Première bande dessinée d’un jeune Urbigène, Maxime Schertenleib, le monde des vestiaires et des terrains de football se dévoile sous une plume acérée qui ne botte pas en touche les travers de ce sport.
Maxime Schertenleib dédicace actuellement son premier roman graphique dans des librairies vaudoises. Maxime a pratiqué à un haut niveau, a aimé et quelque part aime encore le football auquel il a pourtant renoncé. Si vous pensez que les comportements toxiques, dérives masculinistes, parfois franchement homophobes, les bizutages et autres injonctions guerrières en forme de culte de la performance que l’on peut rencontrer dans ce sport – comme dans d’autres d’ailleurs –font inexorablement partie du décor, ne vous précipitez pas à la librairie. Si, comme Maxime, vous estimez que la pratique du foot gagnerait à se distancer de ces quelques travers, eh bien découvrez son travail!
Un Urbigène
Né en 1997, l’auteur a réalisé son parcours scolaire à Orbe, puis Yverdon. Diplômé de la HEAD (Haute Ecole d’Art et de Design) de Genève, il vient de compléter sa formation par un master en création et diffusion de BD à Bruxelles. Tombé héréditairement dans la marmite du foot, Maxime a réalisé en parallèle une jolie carrière, passant par le team Vaud des M16, pour avoir ensuite joué en première équipe à Yverdon Sport entre 2016 et 2018. Notre auteur, qui habite maintenant Mathod, est actif comme illustrateur et graphiste indépendant. Vous découvrez ponctuellement ses dessins de presse dans L’Omnibus. Il travaille actuellement à la réalisation d’une BD historique sur Germaine de Staël.
Vert
Le traitement graphique des 117 pages s’appuie sur un dessin rapide, léger et énergique dans le trait, au service de la thématique. Pas d’étape crayonnée, le travail se réalise directement à l’encre. La bichromie nous renverrait à l’écusson vaudois, mais prioritairement le vert omniprésent constitue, nous explique Maxime, un clin d’œil appuyé aux nombreuses pelouses qu’il a foulées et aux couleurs d’Yverdon Sport ! Pari visuel gagné par cette adjonction de fraîcheur sans verdeur. Quelques planches en forme de chemins forestiers séquencent la narration, lieux de passage obligés pour se rendre au terrain et potentielle source d’inquiétude…
Les vrais mecs
Nous y sommes: si ce récit n’est pas un réquisitoire ou un règlement de compte, l’auteur, qui se met en scène, a voulu traiter en mode résilience ces «à côtés» du foot qui n’est pas que beauté du geste technique et franche camaraderie. Maxime nous rappelle que cet univers peut être dur, toxique, machiste, homophobe…

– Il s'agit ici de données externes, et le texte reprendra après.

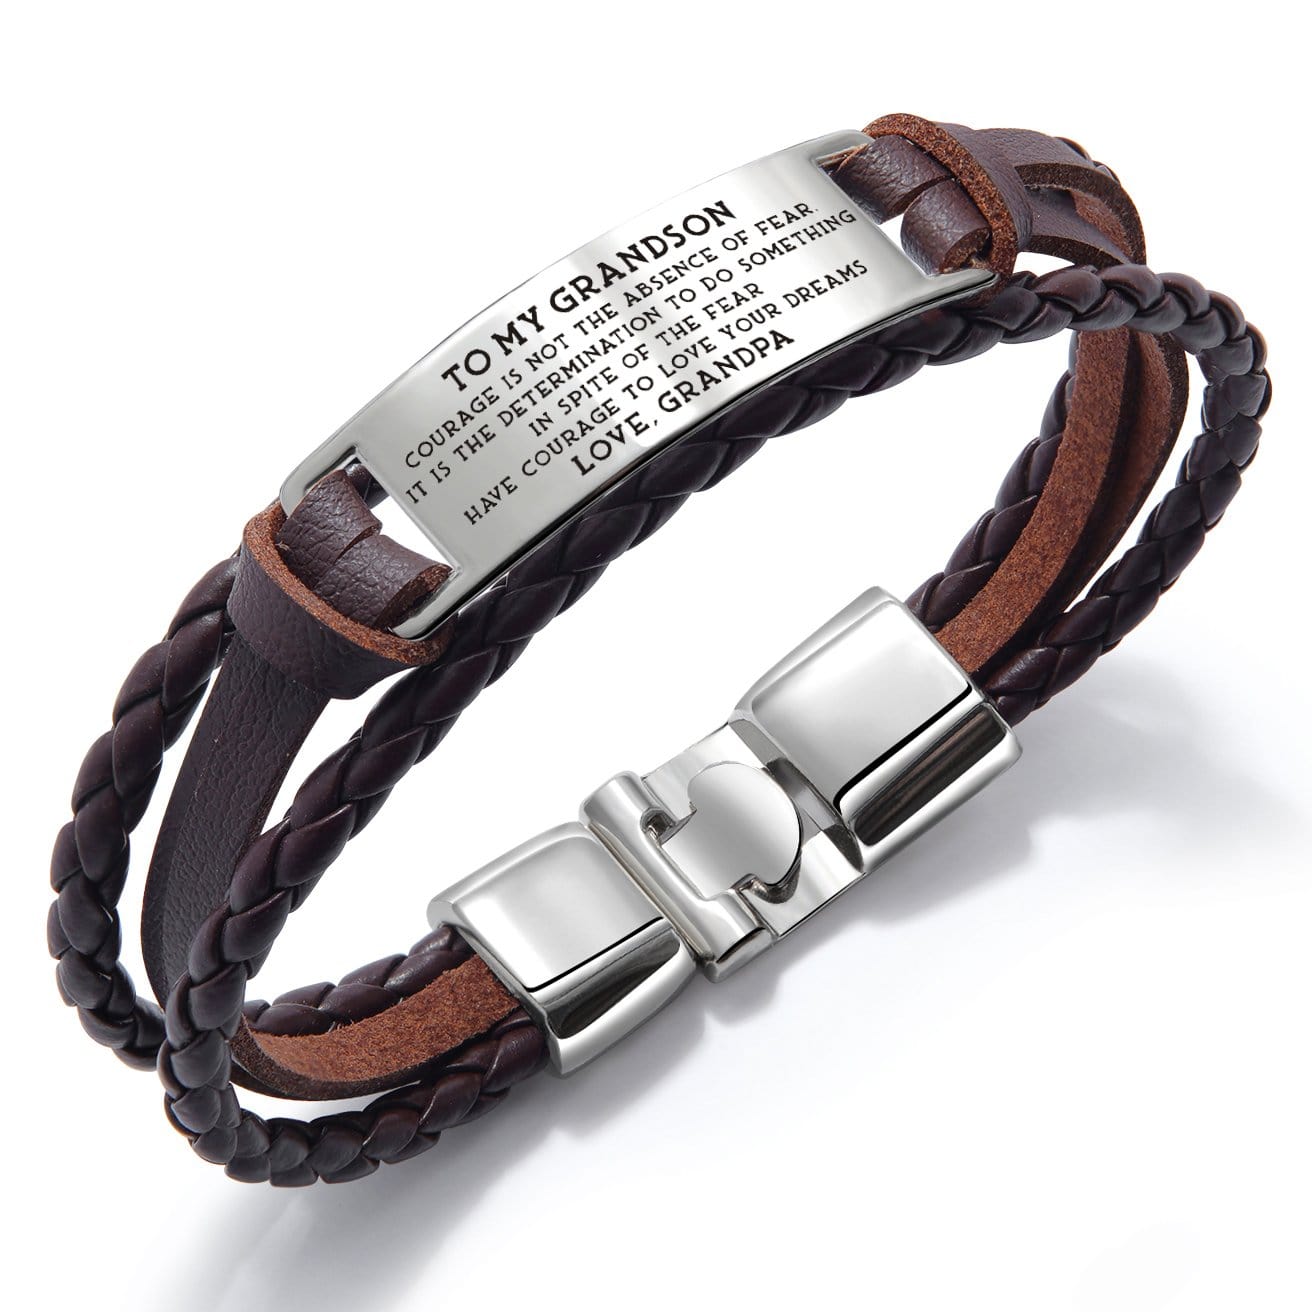 Bracelets Grandpa To Grandson - To Love Your Dreams Leather Bracelet Brown GiveMe-Gifts

C’est l’itinéraire vécu par son double dans le roman, une extinction progressive de la passion cassée par un esprit de compétition qui induit des comportements qui n’ont plus grand-chose à voir avec le sport: «Le foot tel qu’on me le faisait vivre ici m’était étranger», «Où était la joie?» «(…) Je ne parlais pas la même langue que les gens autour de moi: gagner, écraser, sans pitié…», «Alors je me suis tu.» (extraits page 50).
Du ballon à la plume
Et Maxime d’analyser ce qui lui arrivait: «Je n’osais pas parler de mes difficultés à mes copains de foot; la première fois, c’est quand j’ai rejoint un milieu artistique.» A la lecture de ce récit de vie illustré, on sortira convaincu que la BD n’est résolument pas un art mineur, qu’elle permet d’aborder efficacement des sujets de société importants, engageant leur auteur dans un sincère et courageux exercice de lucidité. Pari réussi pour cette analyse illustrée, tout en pédagogie et en finesse.
Arrêt de jeu, journal d’un footballeur mal dans ses pompes, aux éditions la Boîte à Bulles. Disponible en librairie.